# USITT info sharing



## jessamarie6 (Mar 22, 2009)

So I didn't got to go to USITT this year, and from recent posts I know that there are quite a few others who also wish they could have been there. So if you were there I would really appreciate if you'd share what you learned. Any fun facts, great tips or creative ideas you came across? Any really wonderful advice you were given in one of the sessions? Any new products you came across on the show floor that the rest of us need to check out?


----------



## cvanp (Mar 22, 2009)

My school compiled a blog!

USITT Blog (td)squared

Go through all those posts for a great record of USITT.


*EDIT:* It's a lot to read, yes, but it definitely covers _many_ sessions, topics and products, including everything from the Vari-Lite VLX to the presentation by Sha Xialolan (the LD of the Beijing Olympics) to the Prague Quadrennial to Vectorworks and *way more*. It's full of info!


----------



## derekleffew (Mar 24, 2009)

Here's an interesting tidbit I heard, by two different presenters, at two different sessions:

> "OSHA doesn't care about us [the live entertainment industry] because we don't kill enough people."


Food for thought, and the reason one cannot find anything theatre specific in the OSHA guidelines. When compared to other industries, our per capita injury and mortality rates are very low, even though the theatre is full of hazards. We are pretty good at mitigating risks, and continue to improve.


----------



## jwl868 (Mar 24, 2009)

derek

I am curious about that OSHA quote. In what context were the presenters making that statement?

Joe


----------



## derekleffew (Mar 24, 2009)

Both presenters were trying to make the point that if one goes looking to OSHA for guidance on, for example, "What are the requirements for protecting the front of the stage from a fall into the orchestra pit?," one won't find anything. One won't even find "orchestra pit" mentioned. OHSA requires some sort of protection to mitigate any fall greater than six feet. A railing across the front of a stage would probably not work so well.

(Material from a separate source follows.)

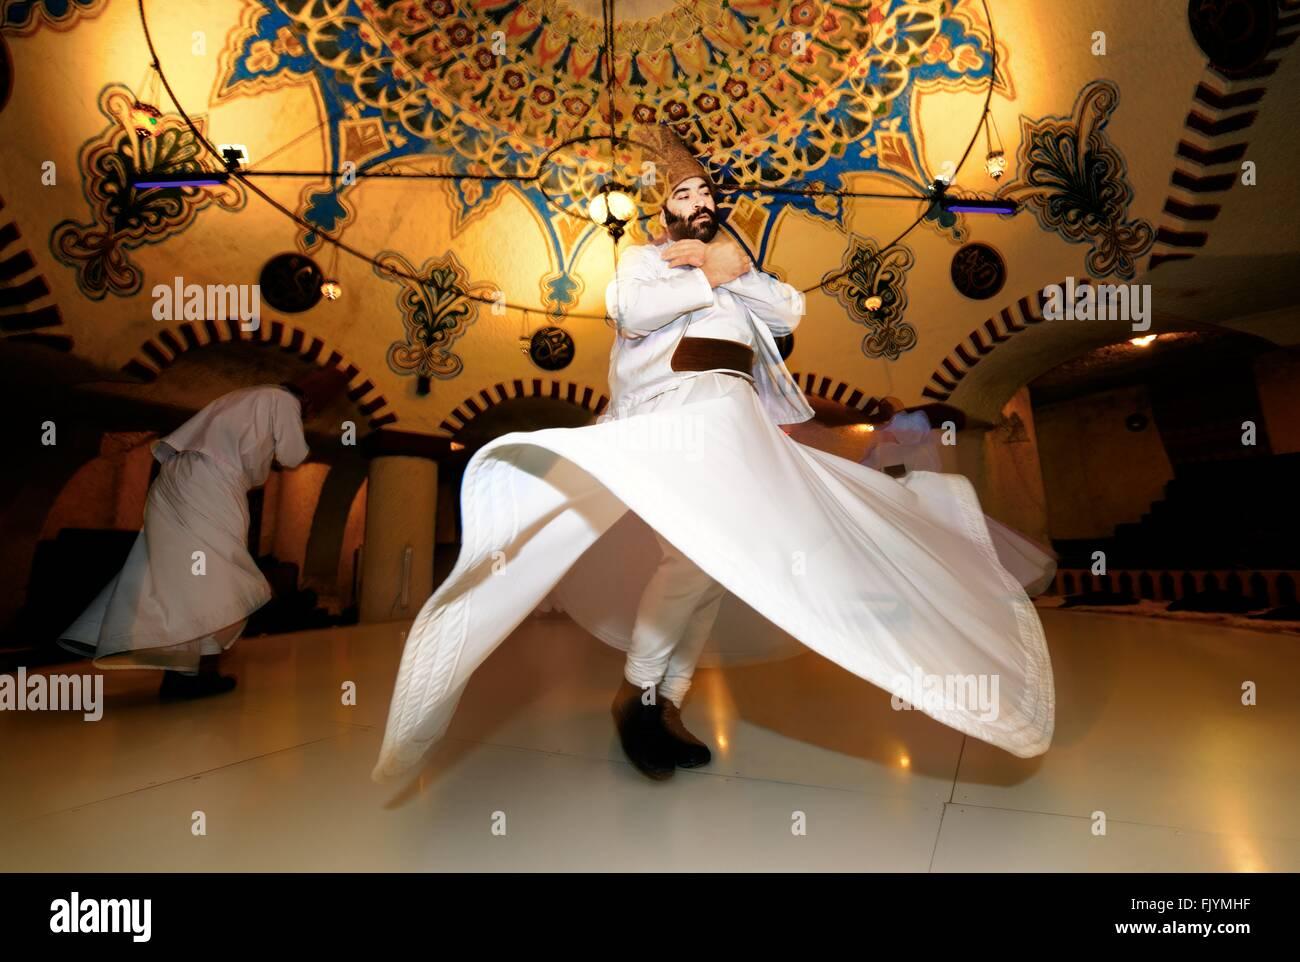 Tradizionale turco whirling Sufi dervish serata spirituale a dervis evi nella città di ortahisar, Goreme, Cappadocia, Turchia Foto Stock

A similar example: a college TD wanted to use live flame onstage, and knew he would have to gain approval by both the university's Safety Dept. and the town Fire Marshal. He searched for the most relevant criteria, (in this case: NFPA 160: Standard for the Use of Flame Effects Before an Audience). Even though that code was written specifically with Las Vegas shows such as _The Buccaneer Bay Sea Battle_ and the _Mirage Volcano_ in mind, he was able to glean important information from it, and apply those guidelines to his little flaming cauldron effect. He was able to demonstrate he had done research and taken all reasonable measures to mitigate the risk of the hazard, and thus both AHJs approved the effect, for application in the 200-seat black box.

Hope that helps.


----------



## ruinexplorer (Mar 26, 2009)

derekleffew said:


> Here's an interesting tidbit I heard, by two different presenters, at two different sessions: Food for thought, and the reason one cannot find anything theatre specific in the OSHA guidelines. When compared to other industries, our per capita injury and mortality rates are very low, even though the theatre is full of hazards. We are pretty good at mitigating risks, and continue to improve.

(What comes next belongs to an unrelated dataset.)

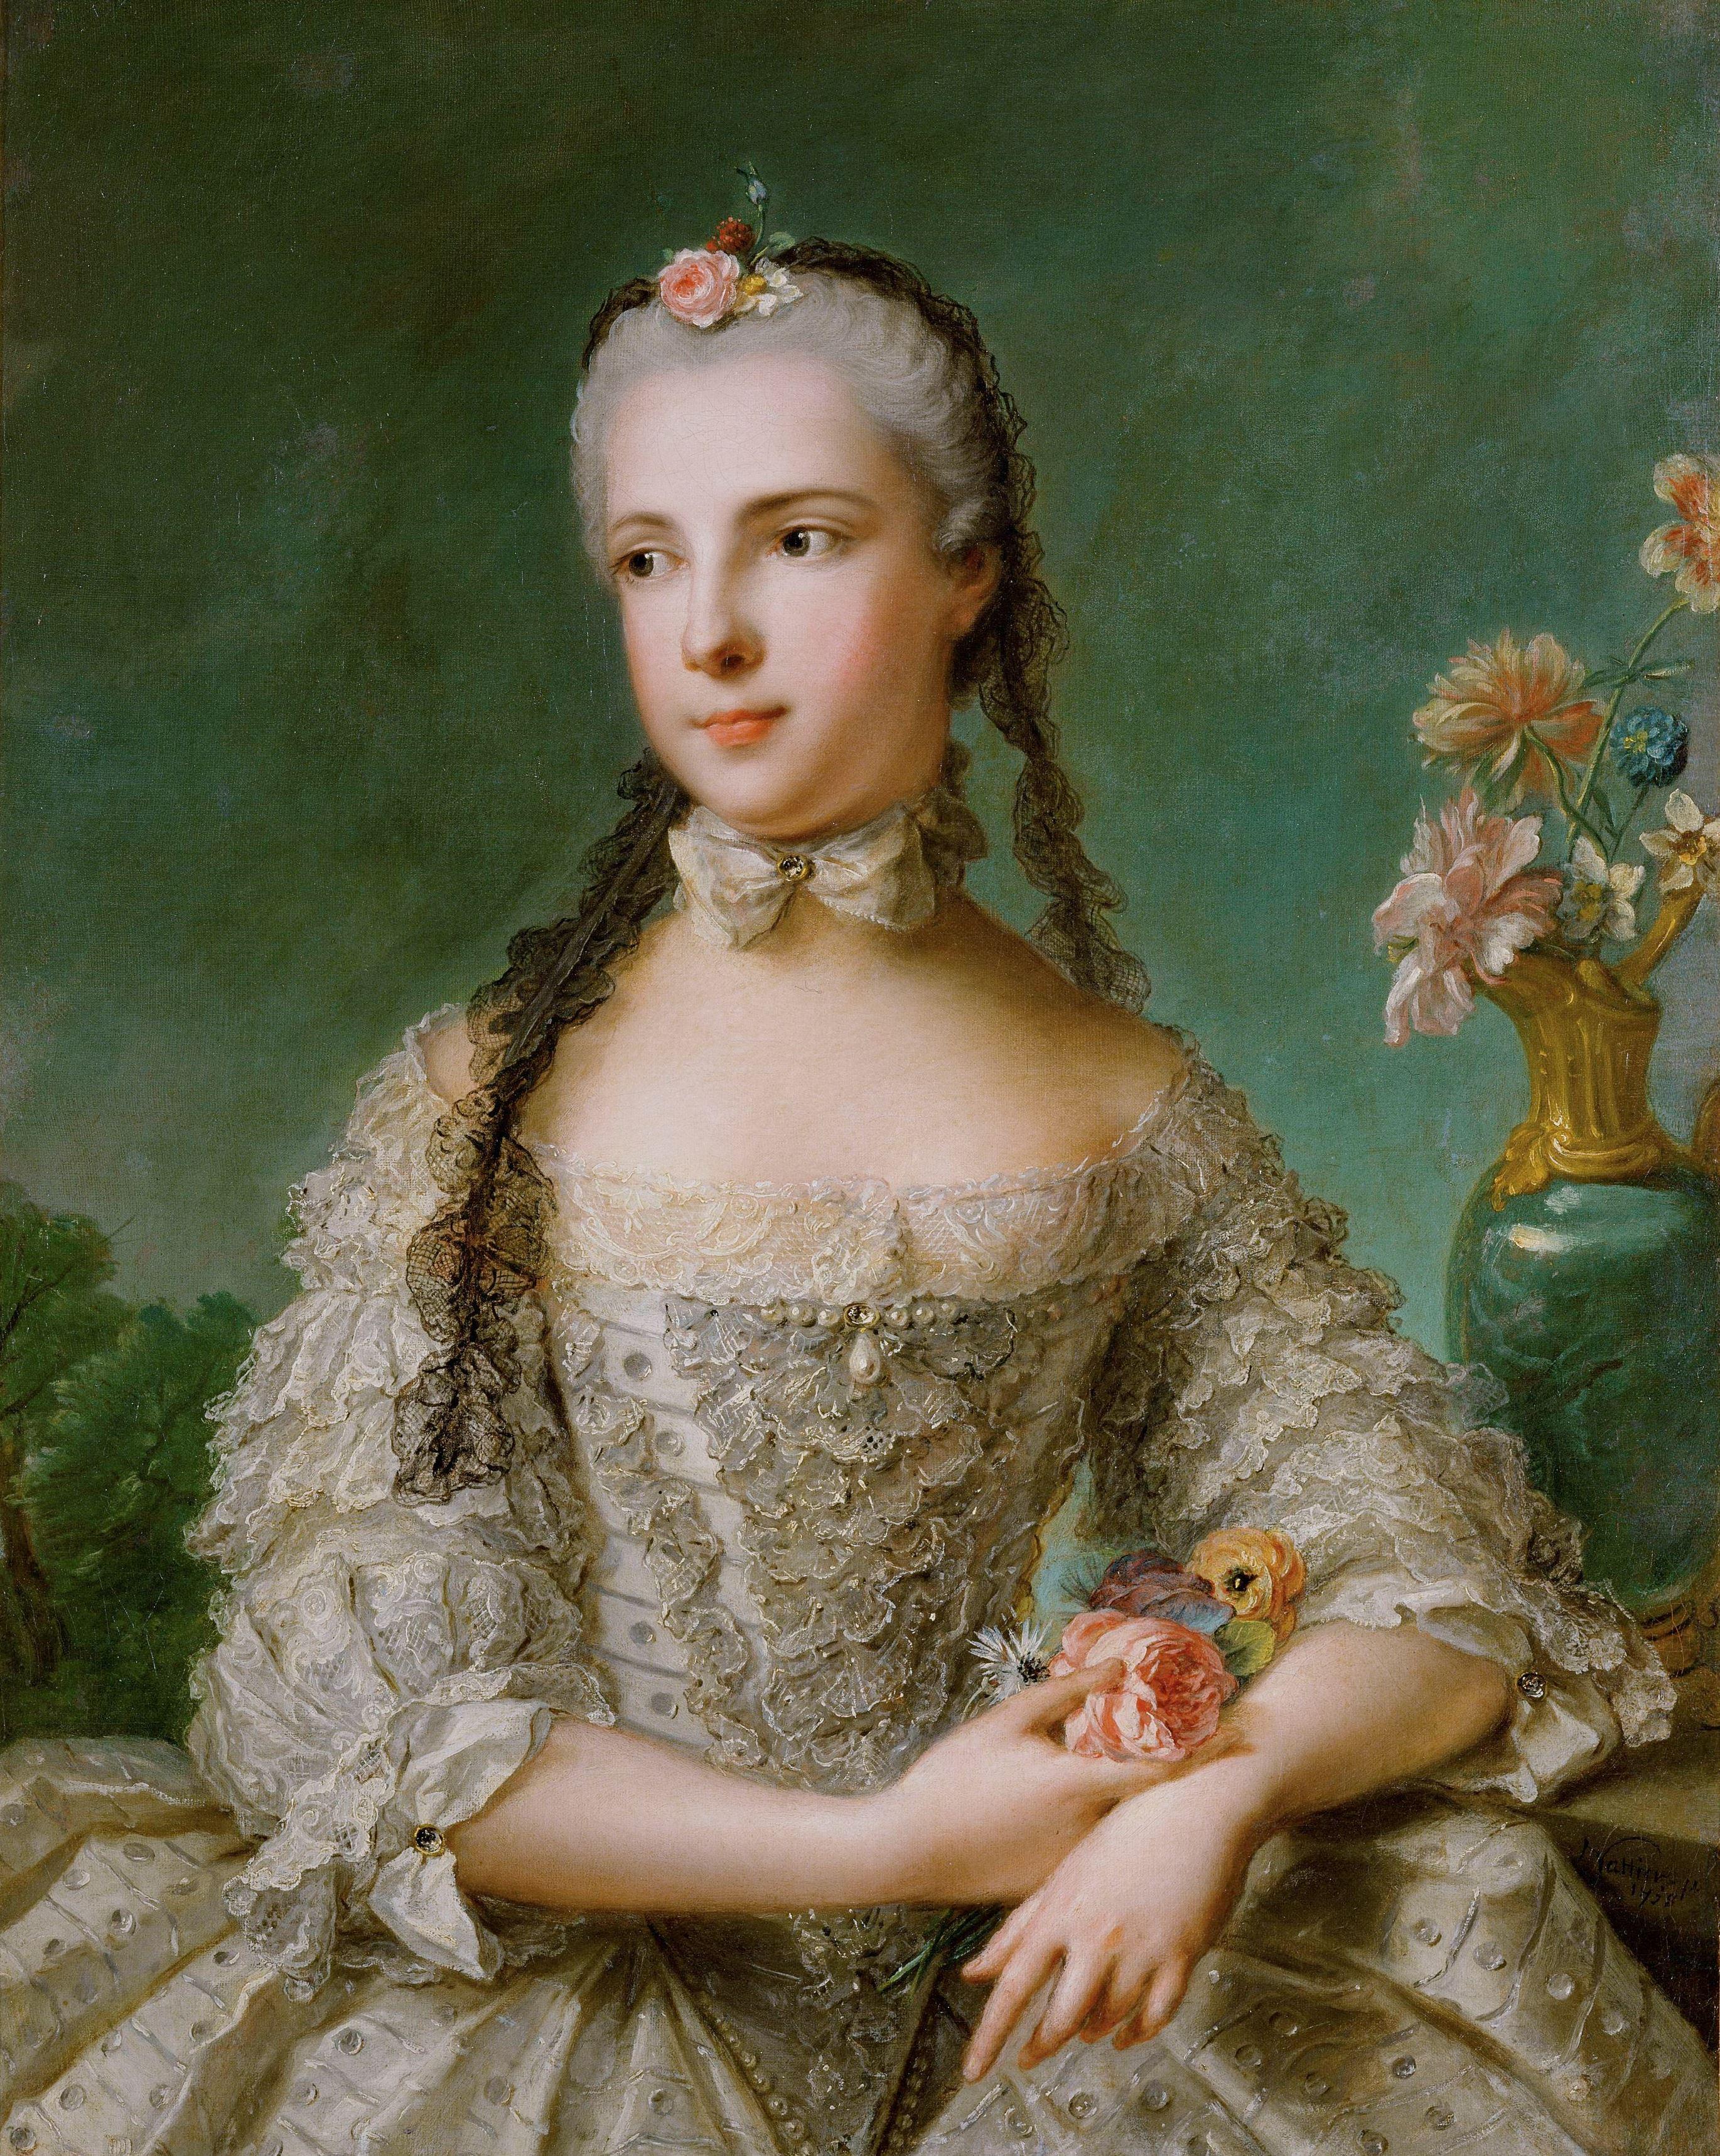 Prinzessin Maria Isabella von Parma (1741–1763), Gemahlin von Joseph II.. Kunsthistorisches Museum Wien. Jean Marc Nattier d. J, 1758 datiert. Gemälde. © KHM–Museumsverband Wien

I would have to whole heartedly disagree with whomever made the quote (especially after just going through a facility wide OSHA inspection). The problem is that we are a relatively small industry in the over all scheme of things to have specific regulations written for us. When questioning the Genie corporation about making a personnel lift that was capable of moving safely while erect, I was told that they are questioned about that often and they would be unable to make enough return in sales to justify the development and approvals. So, what happens, people use them unsafely very often. We are an industry that technically defies OSHA regulations often. If and when something does happen, you better believe that OSHA will apply. There are many catch all phrases in the OSHA code that can and do apply to our industry. Generally speaking, we will fall under the General Industry guidelines. However, if you are doing outdoor events where you are constructing the stage and all the support systems, you will likely fall under the construction guidelines. Of course this all changes when you are in a state that has it's own version of OSHA.

As part of my job, my employer requires the completion of the OSHA 10-hour training session plus additional courses that are more specific to our industry. 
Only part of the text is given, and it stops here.